Hey. Good afternoon and thanks for taking the questions. So Sean, maybe first on CX-2009. Should we expect update on activity from -- I think you're planning to have 14 patients in the dose refinement cohort.
So should we expect activity and safety in the second half before you plan to move into phase II? And a second a quick one on Bristol, as you mentioned we have moved to a phase II randomized study was there any pre-required criteria in terms of activity or safety which was kind of getting factor for them before they moved to phase II.
Any color there would be really helpful. Thank you..
Great. Yeah. Hi, Varun. Thanks for the questions.

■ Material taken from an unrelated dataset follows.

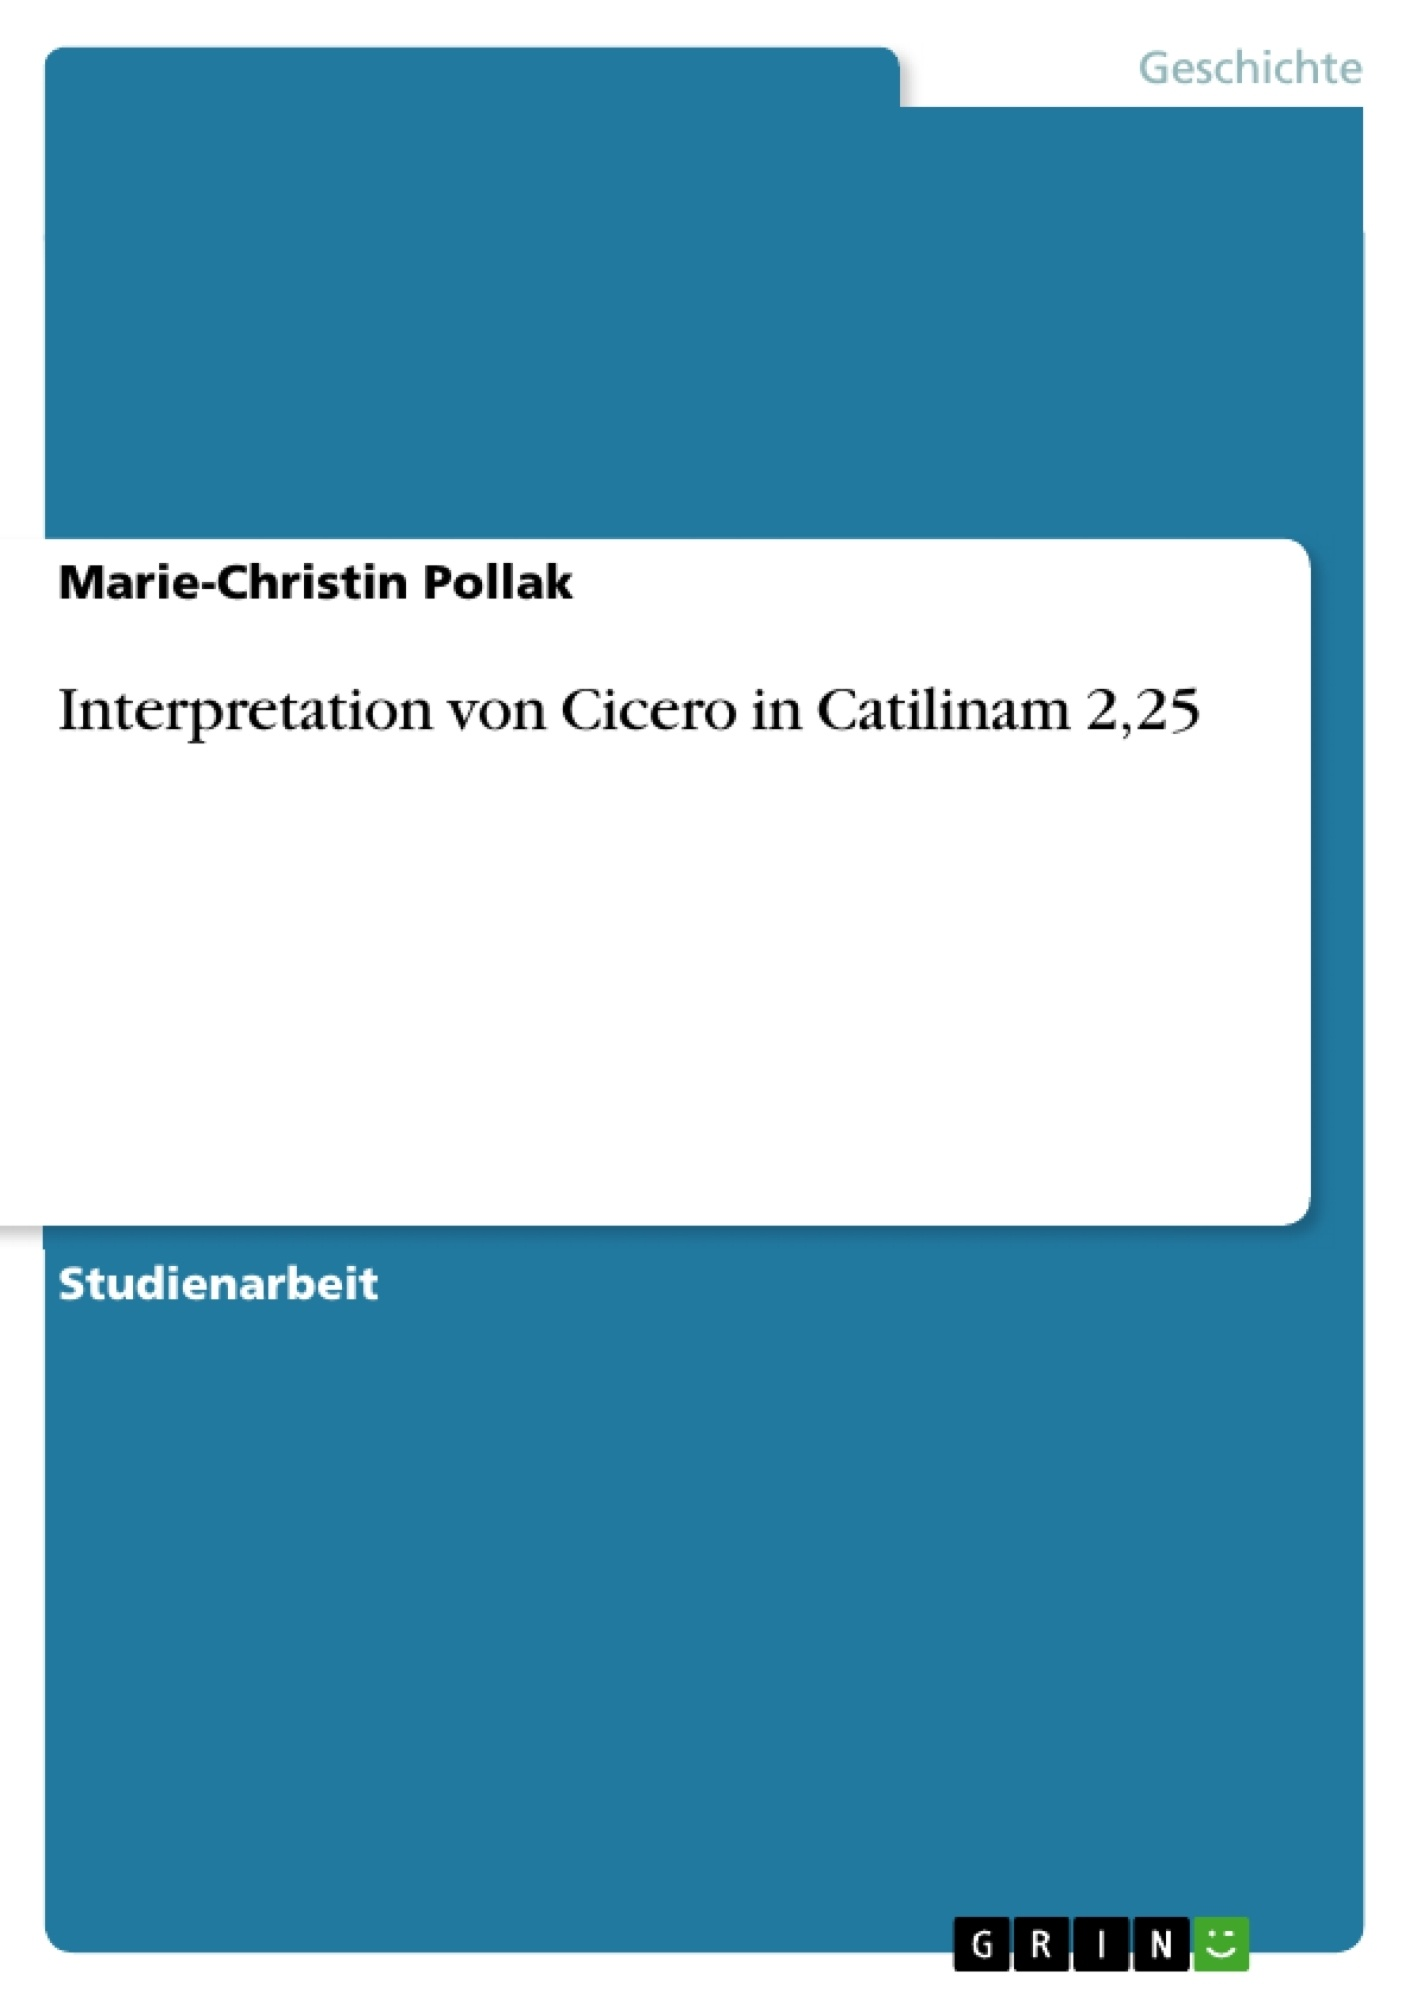 Titel: Interpretation von Cicero in Catilinam 2,25

With regards to users and I think that I think what to expect there is our decision of dose an indication to move into Phase II would obviously be driven by the totality of the data that we have collected by the end of the year.
So where and when we would actually present the additional data remains to be determined. With regard to PNS, the decision to move into this randomized study that they're preparing is entirely theirs.
So I can't speak to their criteria, other than the fact that they are -- as we can see from clinical trials -- preparing to do a fairly large study which we're obviously very pleased to see..
Thank you very much..
Thank you. Our next question comes from Terence Flynn of Goldman Sachs. Your line is open..
Hi. Thanks for taking the question. This is Missy on for Terence. I was wondering if you could give us any perspective on Bristol's CheckMate 277 data and kind of what implications that might have on your portfolio? Thanks..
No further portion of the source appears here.